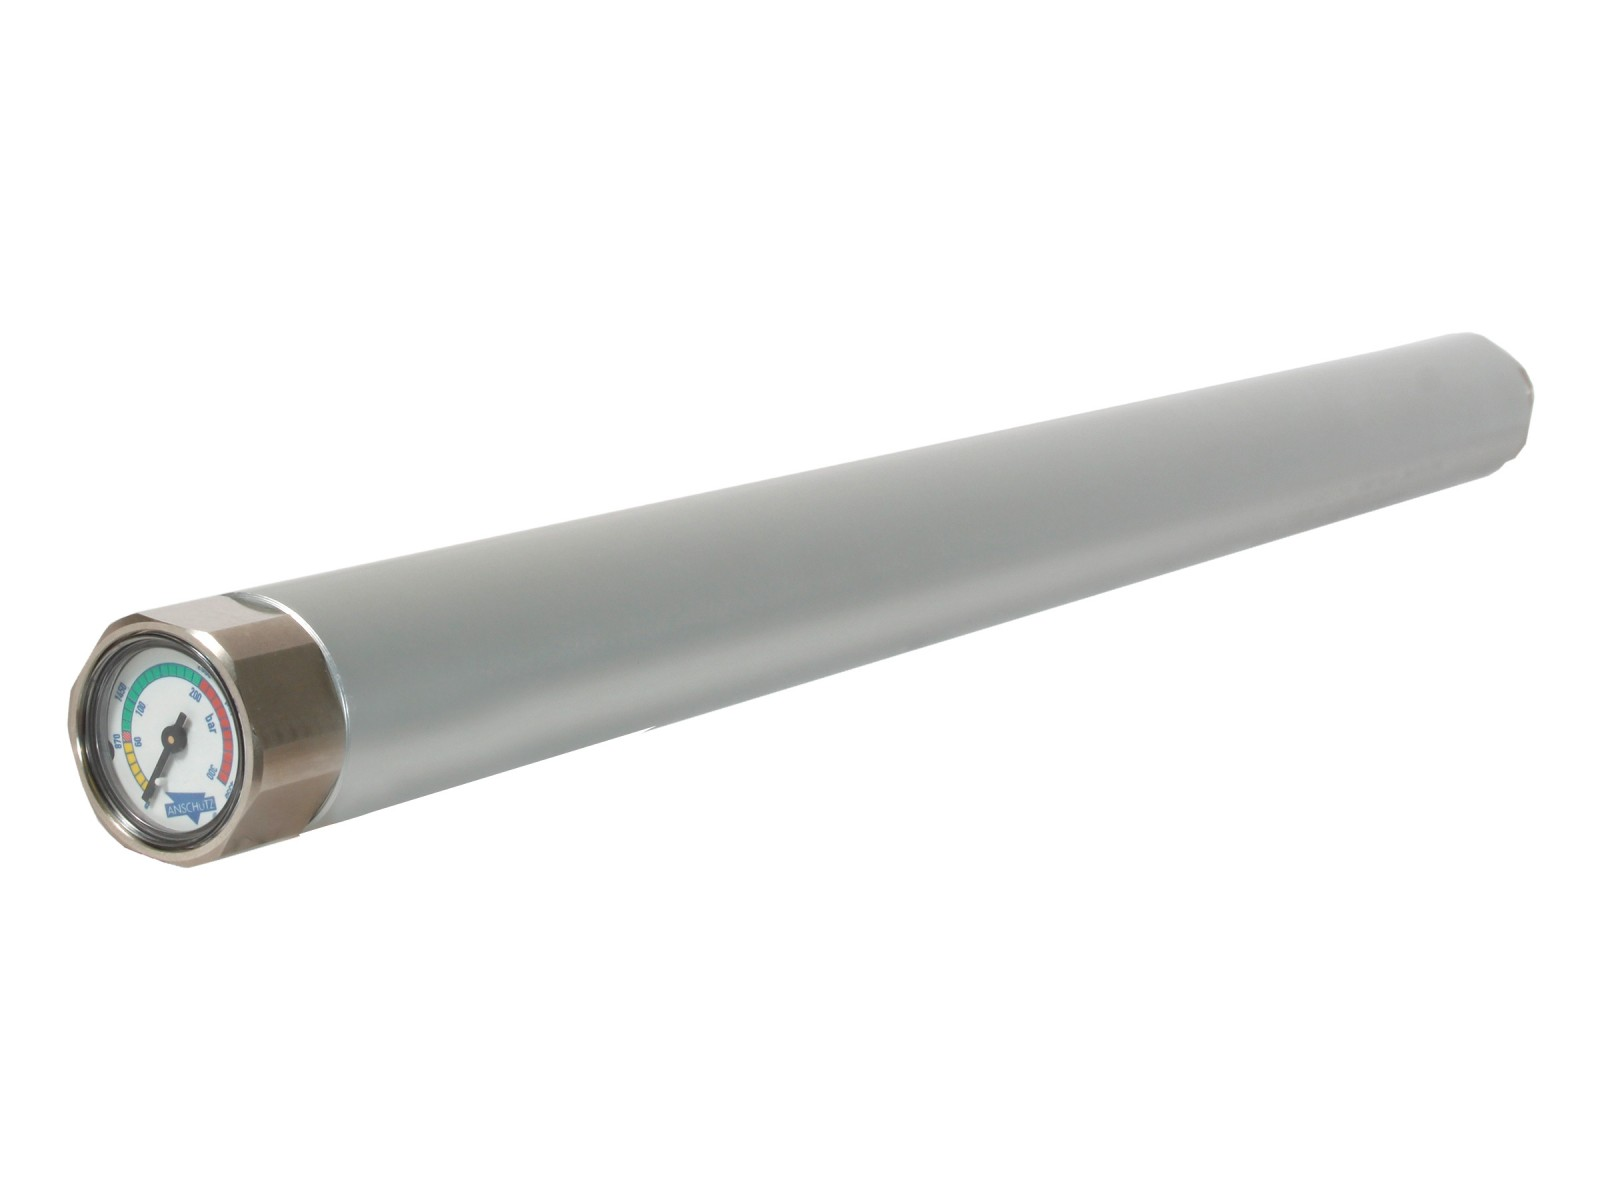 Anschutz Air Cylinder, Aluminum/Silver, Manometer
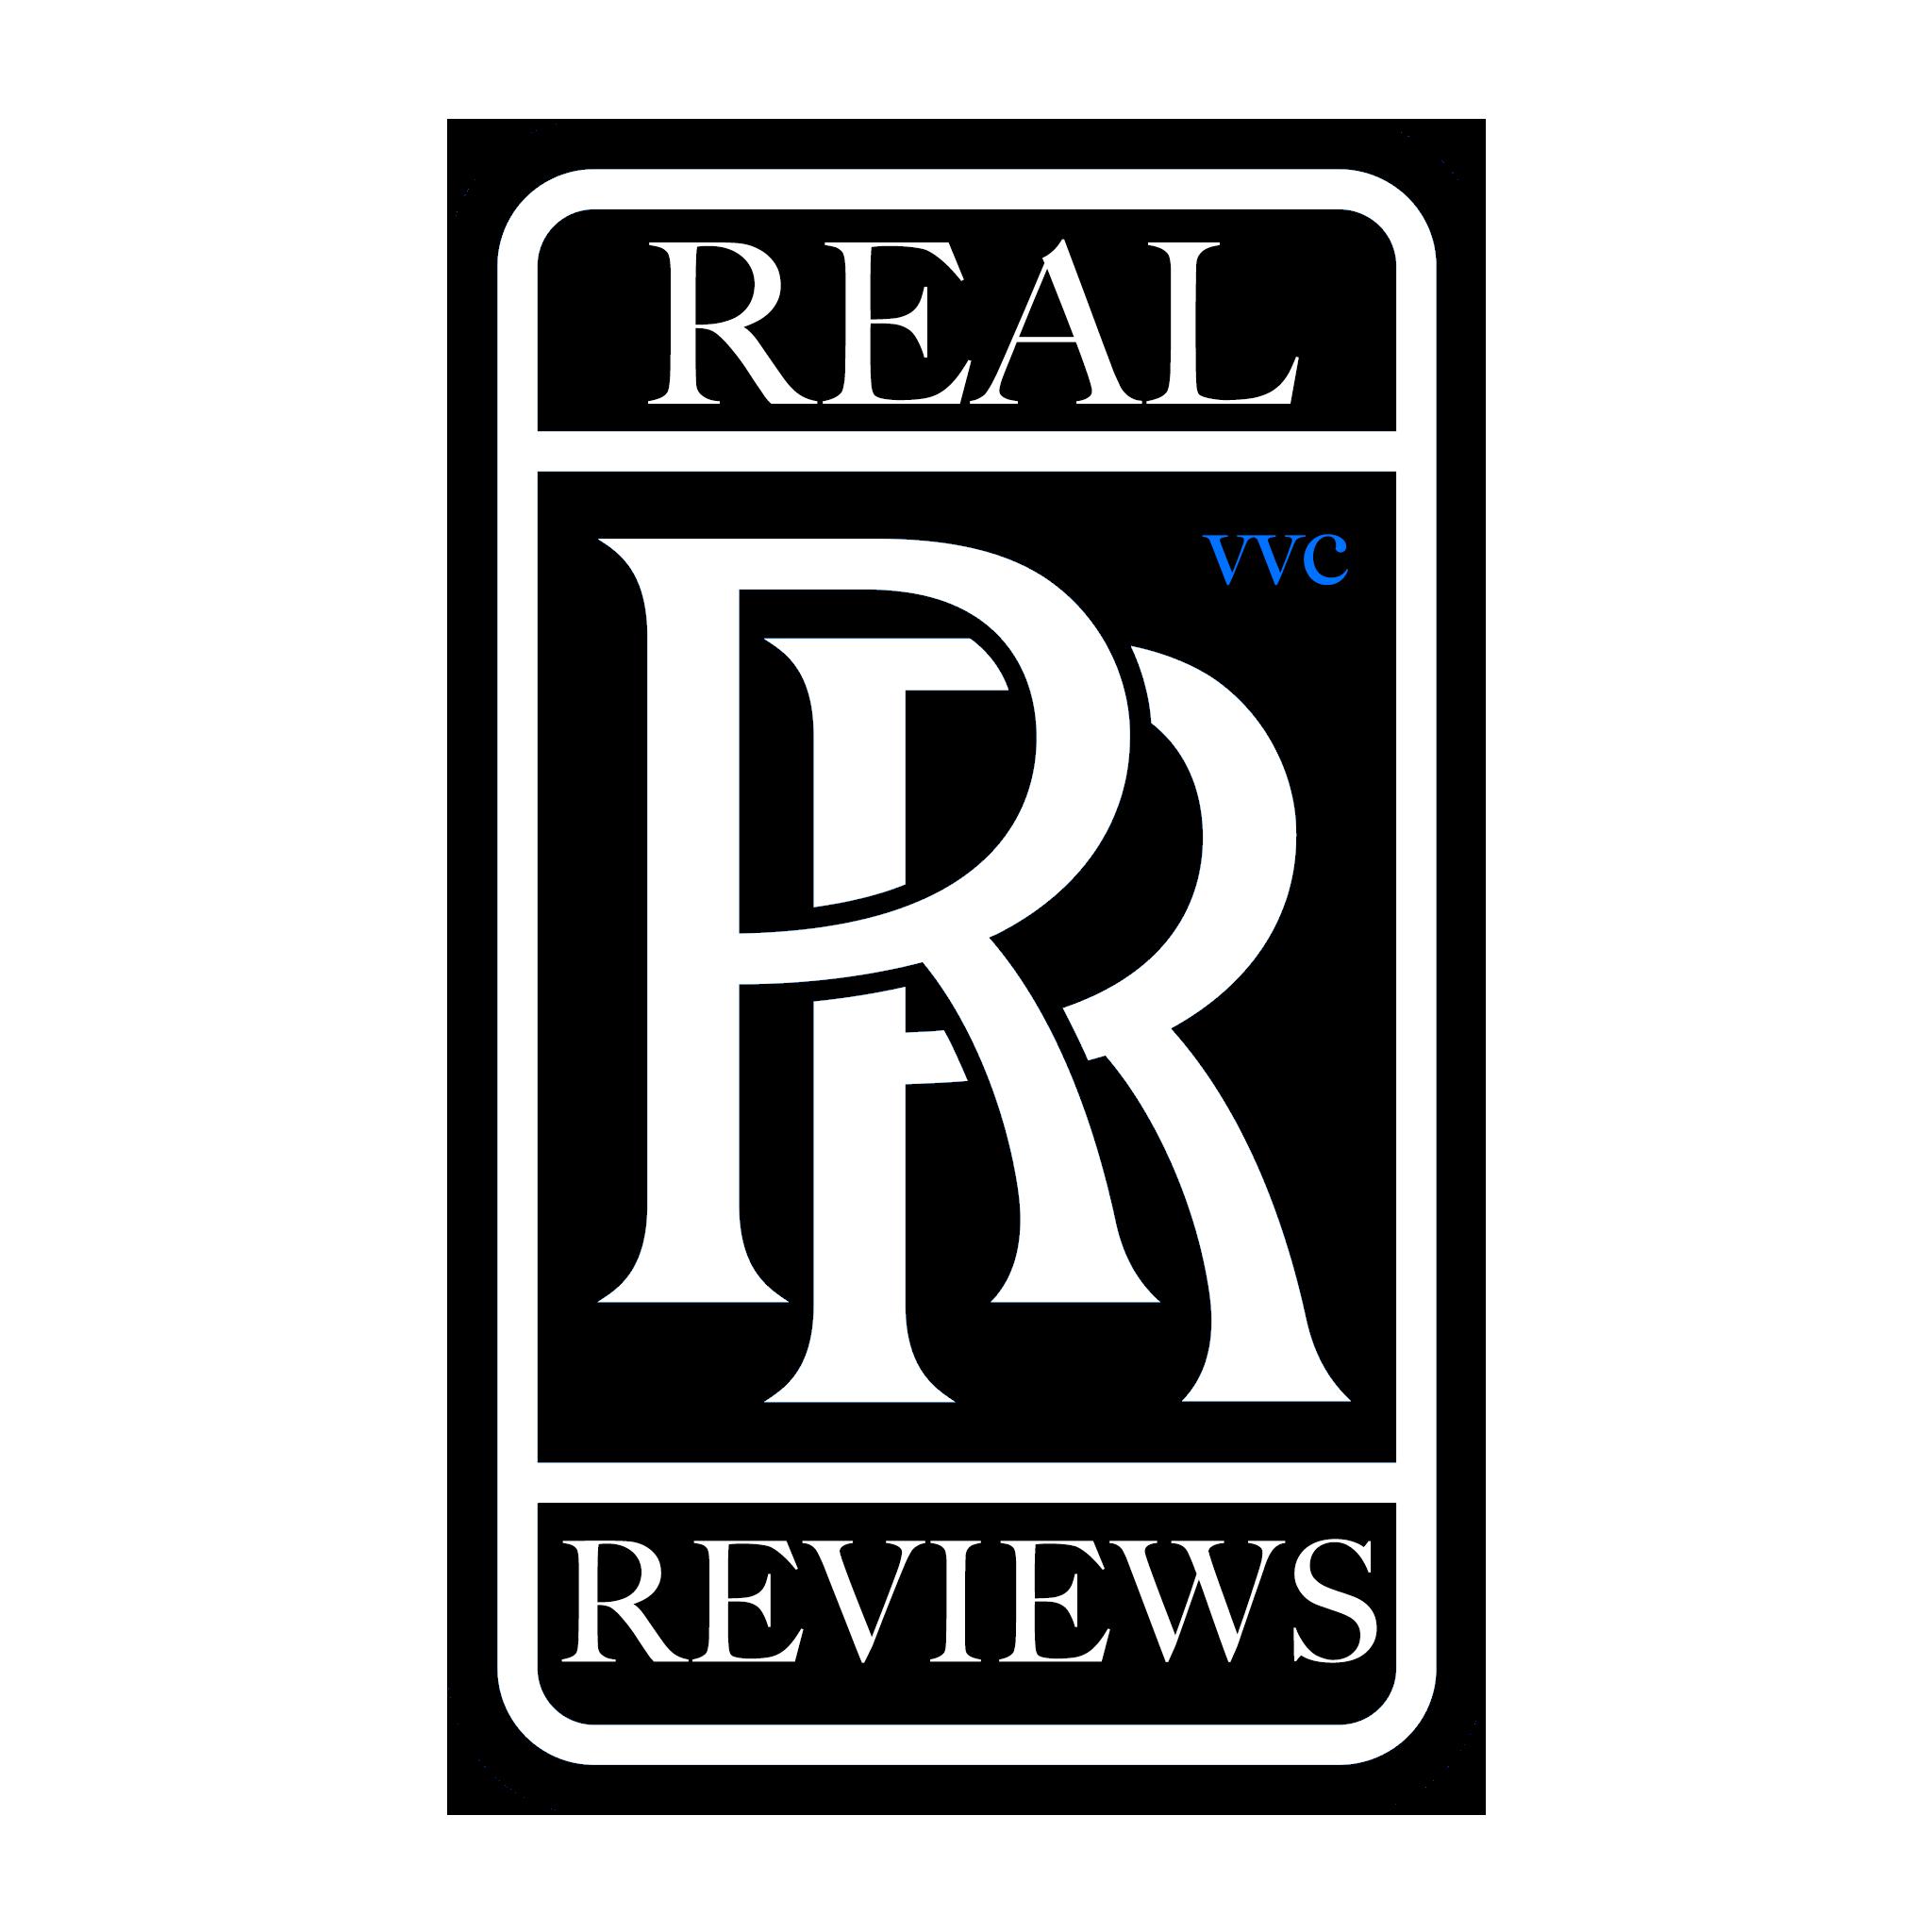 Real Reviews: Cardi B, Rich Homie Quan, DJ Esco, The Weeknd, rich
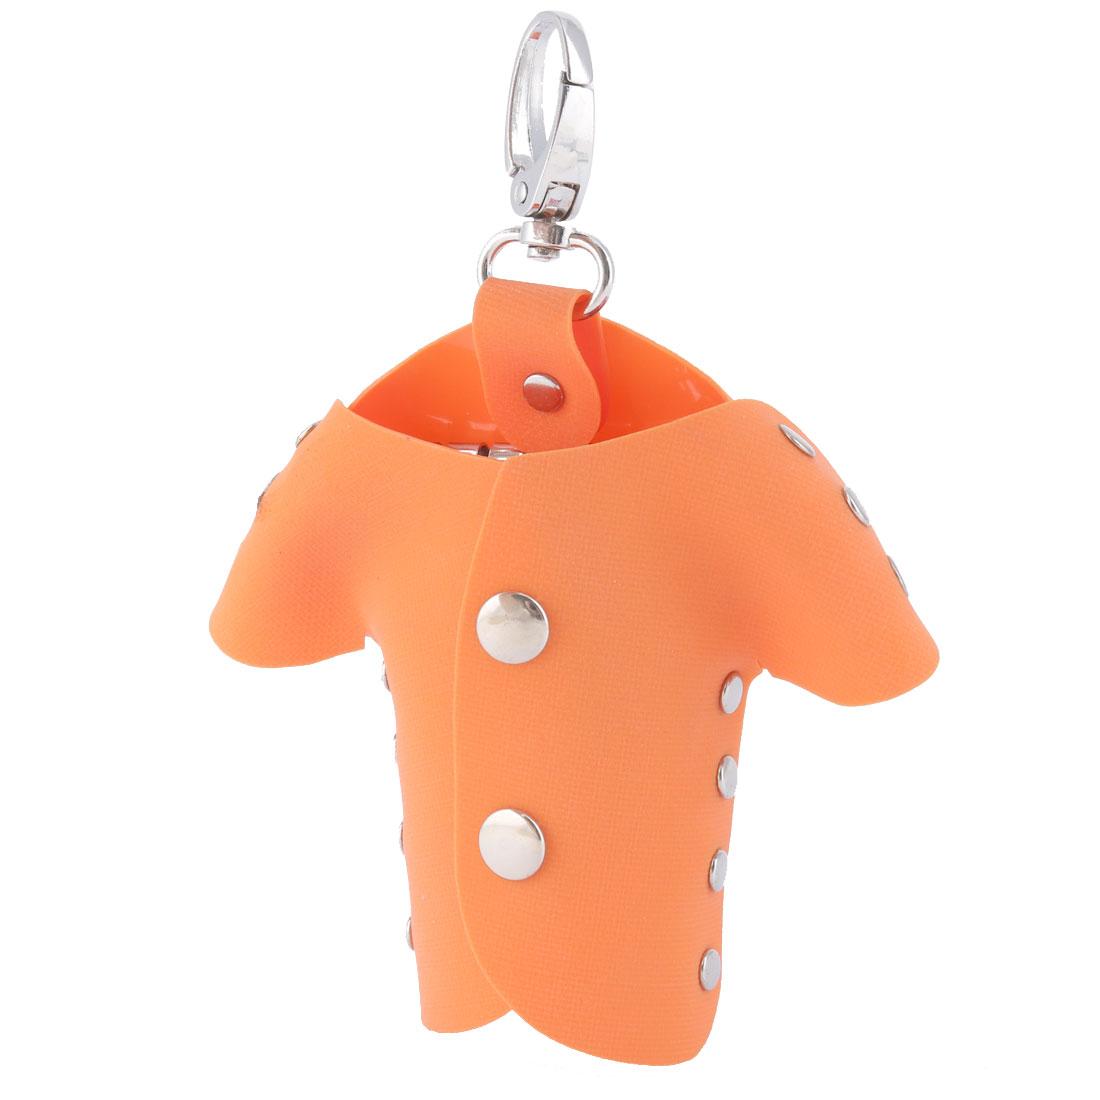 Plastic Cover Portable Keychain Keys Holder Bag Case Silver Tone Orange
=====
EXERCISE >>
Write out every line of the listing exactly as written, and leave the pictures out.

PROBLEM SOLUTION >>
 Anschutz Air Cylinder, Aluminum/Silver, Manometer
 Real Reviews: Cardi B, Rich Homie Quan, DJ Esco, The Weeknd, rich
 Plastic Cover Portable Keychain Keys Holder Bag Case Silver Tone Orange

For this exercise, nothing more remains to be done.